The open NetiPot devices are similar to the closed NetiPot devices, except they look like a gravy ladle-boat. They cannot seal at the top, which means if you mix in a salt mixture, a spoon will be required; or the salt needs to be mixed in the water, before pouring the water into an open-style NetiPot.

The squeeze bottle types of nasal rinse devices are very cheap, and last about three months. NeilMed usually includes a few of their brand of salt packets, when you buy their brand of squeeze bottle. Squeeze bottles have the advantage of being "active", meaning you control the water flow by how hard you squeeze the bottle. Easy does it, however sometimes a bit of extra power is handy to release more junk. Just like the closed NetiPot devices, they have a screw-top and can be sealed, to make mixing easy. You might have to press a squeeze bottle a bit harder against your nostrils, than with other cheap nasal rinsing devices. With a squeeze bottle, when the salt water is gone, you can use the bottle to gently squeeze shots of air into each nostril, to help you get rid of residual water and junk faster.

There are also many types and brands of powered nasal rinsing devices. The advantage of these powered units is they pulse the salt water to dislodge more gunk than even a squeeze bottle can. However so far; I have only tried the NeilMed SinuGator, which runs on batteries and is cheap. You hold a button down to both start it, and to keep it running. The eight-ounce reservoir of salt water runs out very quickly; so switch nostrils quickly with the SinuGator. I partially closed one nostril, and used it in my other nostril; and I sniffed gently while I pressed the power button for a few seconds, to clean my upper sinus parts better. I find using the SinuGator to loosen things up, followed up by a passive (and longer lasting) NetiPot rinse session, worked well. So far, I have not tested any other powered sinus irrigators. Some are expensive and professional, and I am sure they all work well.

To drain the sinus rinse water faster, or if your congestion is due to GERD, or if you have mucus in your lungs or throat, consider trying this method (having many benefits) to clear out all the liquids that can linger from a nose rinse:

First, plug your nostrils with your fingers,and then inhale fast through your nostrils, about 10 times and inhale through your mouth each time.
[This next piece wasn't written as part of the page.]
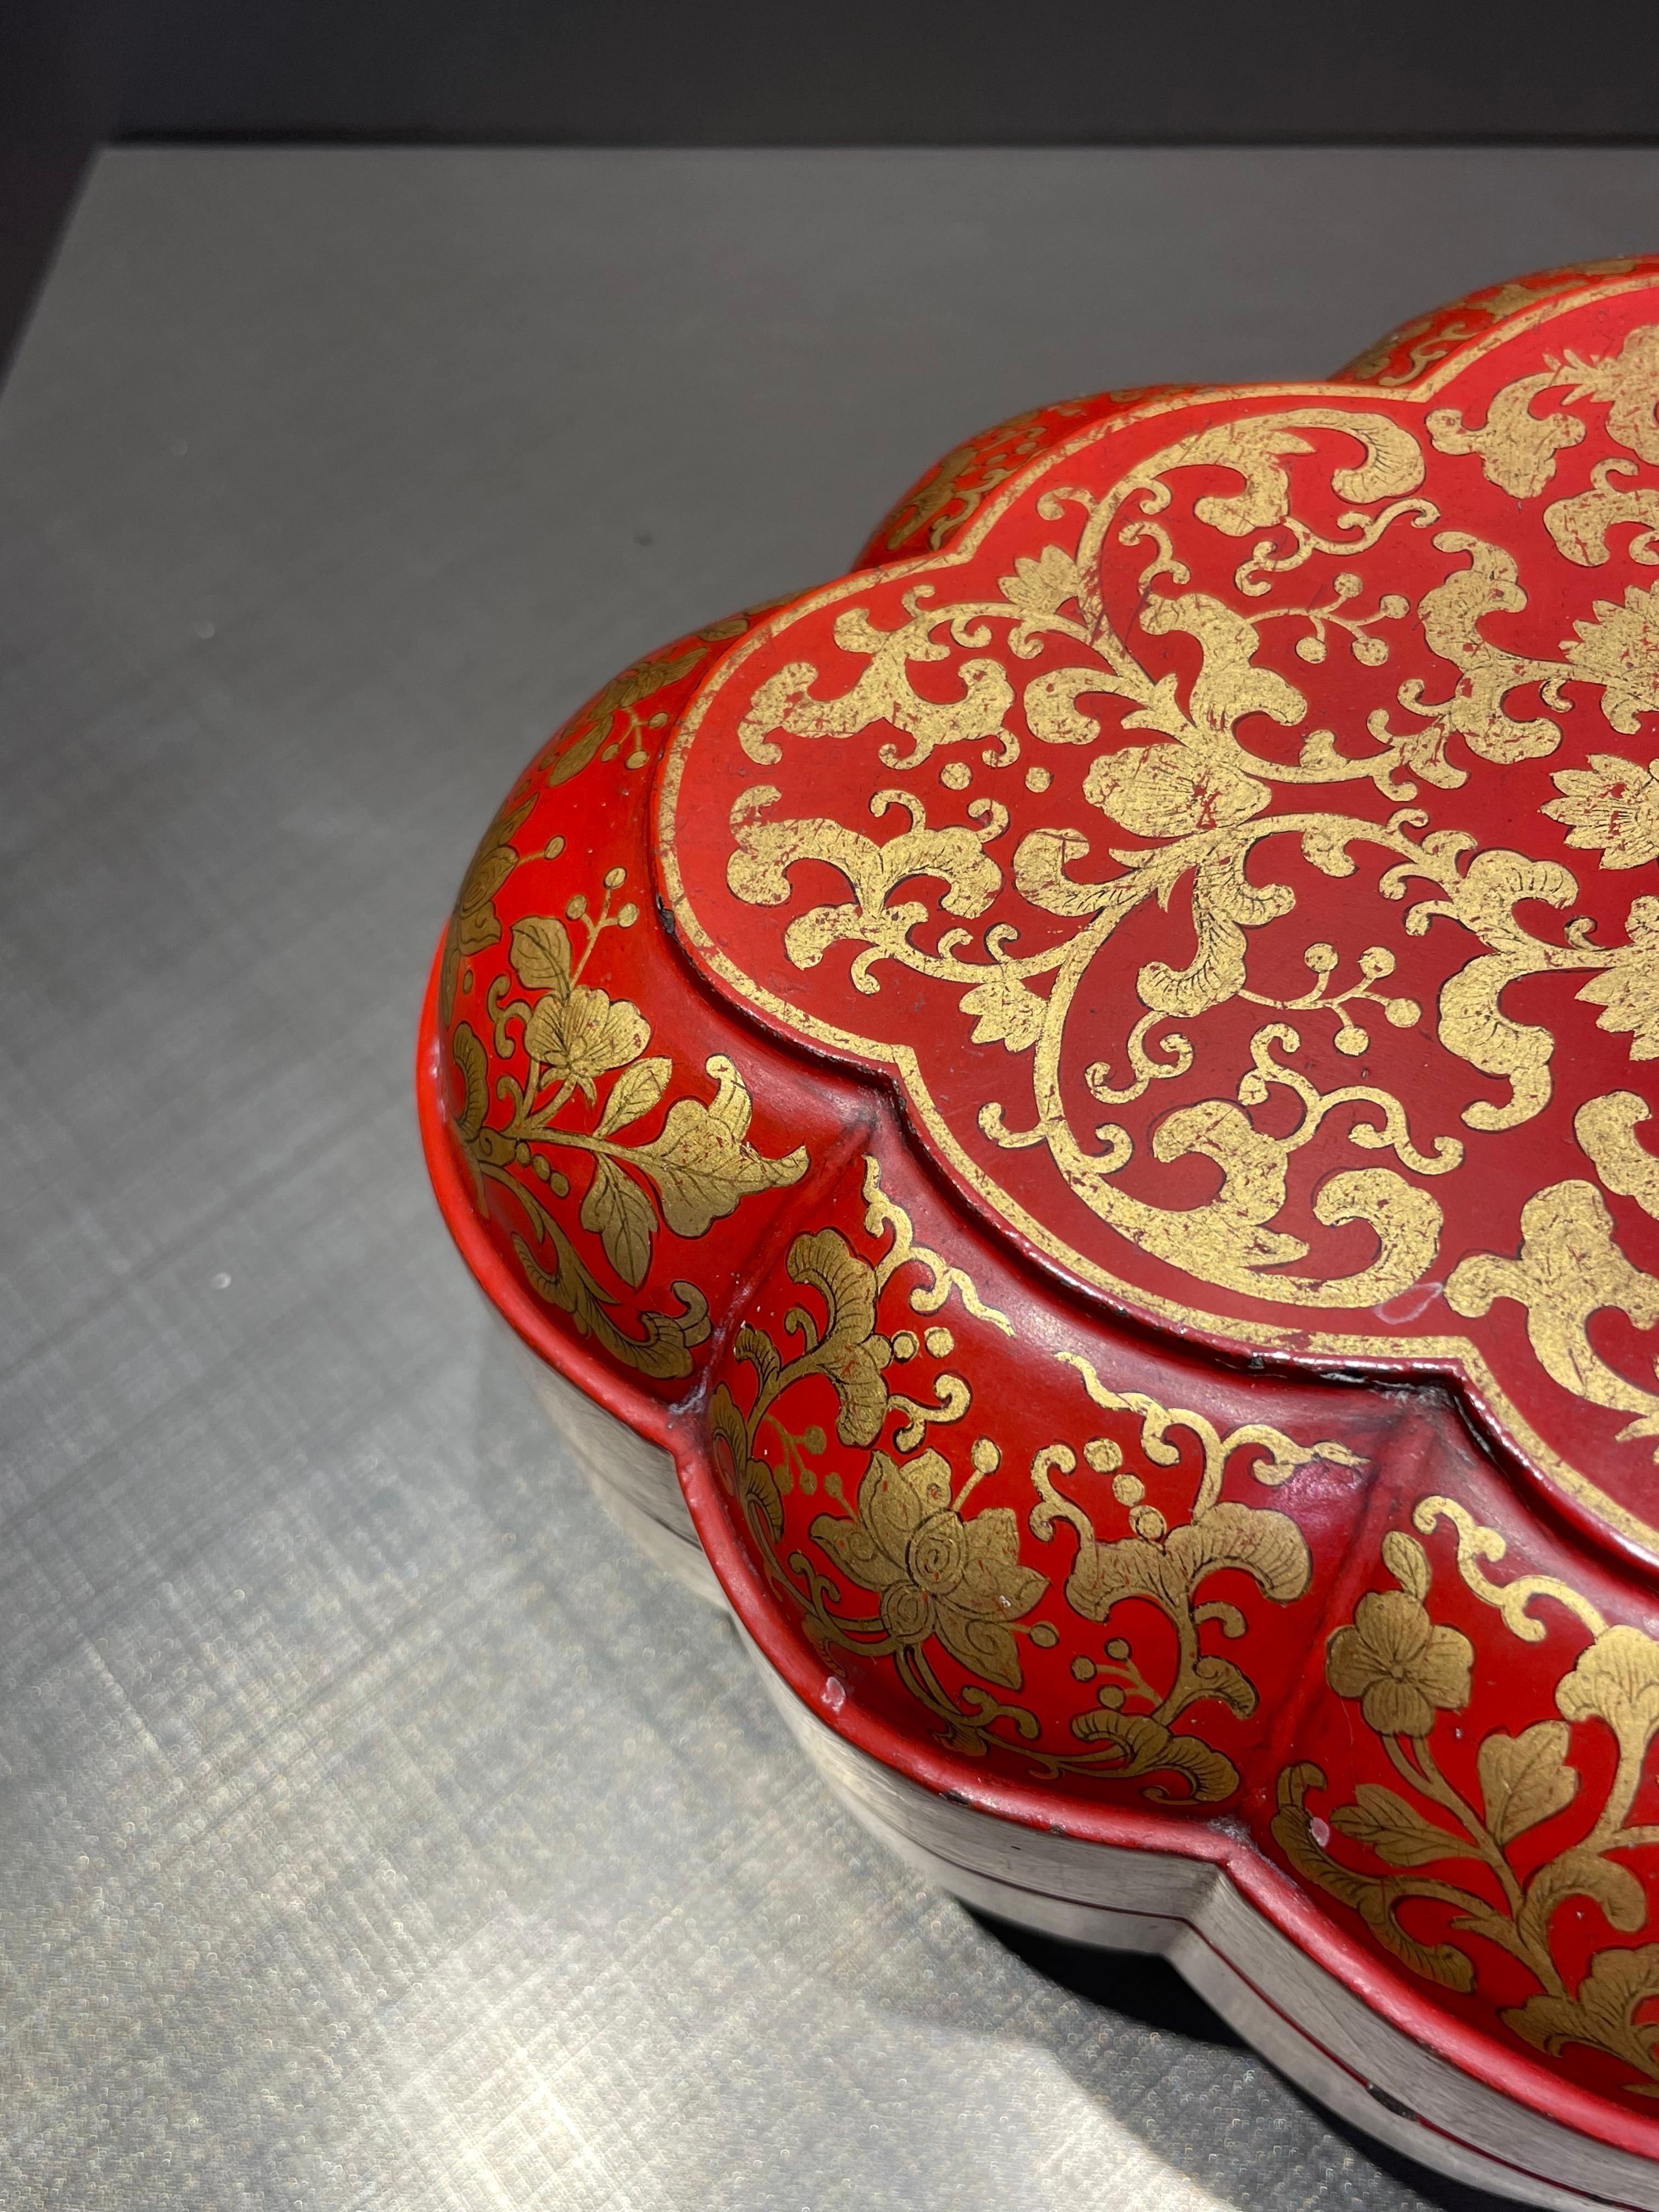 Cette magnifique boîte est magnifiquement décorée de dorures délicates sur une base vermillon brillante. Signée année Qianlong.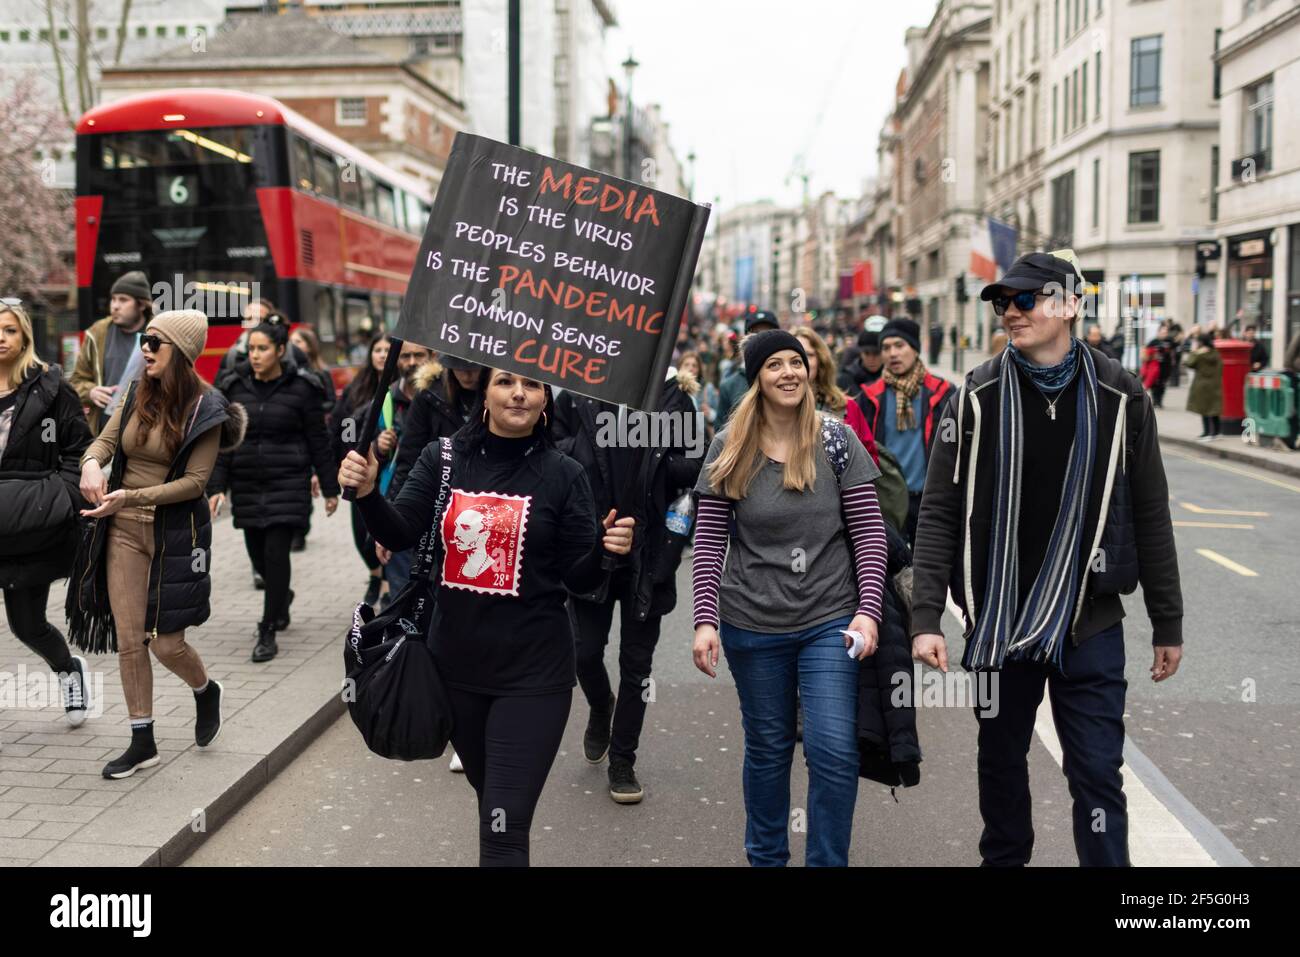 Manifestation contre le confinement et la vaccination contre Covid-19, Londres, 20 mars 2021. Des manifestants en marche. Banque D'Images

Rotate your head around to let the 3D sinus cavities drain better. Then, exhale fast through your nostrils, one at a time, keeping one nostril plugged. Then use a Kleenex in each nostril to soak up the water, etc. in them. I did this several times to recover from nasal surgery faster.

Rinsing our sinuses can cause liquids to drain into our esophagus and/or our lungs, so if this happens I recommend gargling (with salt water, beer, or mouthwash) while sniffing, with your nose pinched shut; to get the fluids out. Sometimes, I even gargle with a beer (I do not drink it) with ph adjusting drops and xylitol added to help protect my teeth and rinse my mouth with fluoride mouthwash afterward.

Nothing clears mucus out of a throat, better than gargling beer. I find Mucinex and marijuauna also both really help to open up the tiny passages deep within the sinuses. And, gently stuffing a wet Kleenex into deep into each nostril helps you get out the mucus faster. Burping both the front and back of your chest, like you would a baby; helps to get the mucus out by coughing; or better yet, laughing the deep mucus out.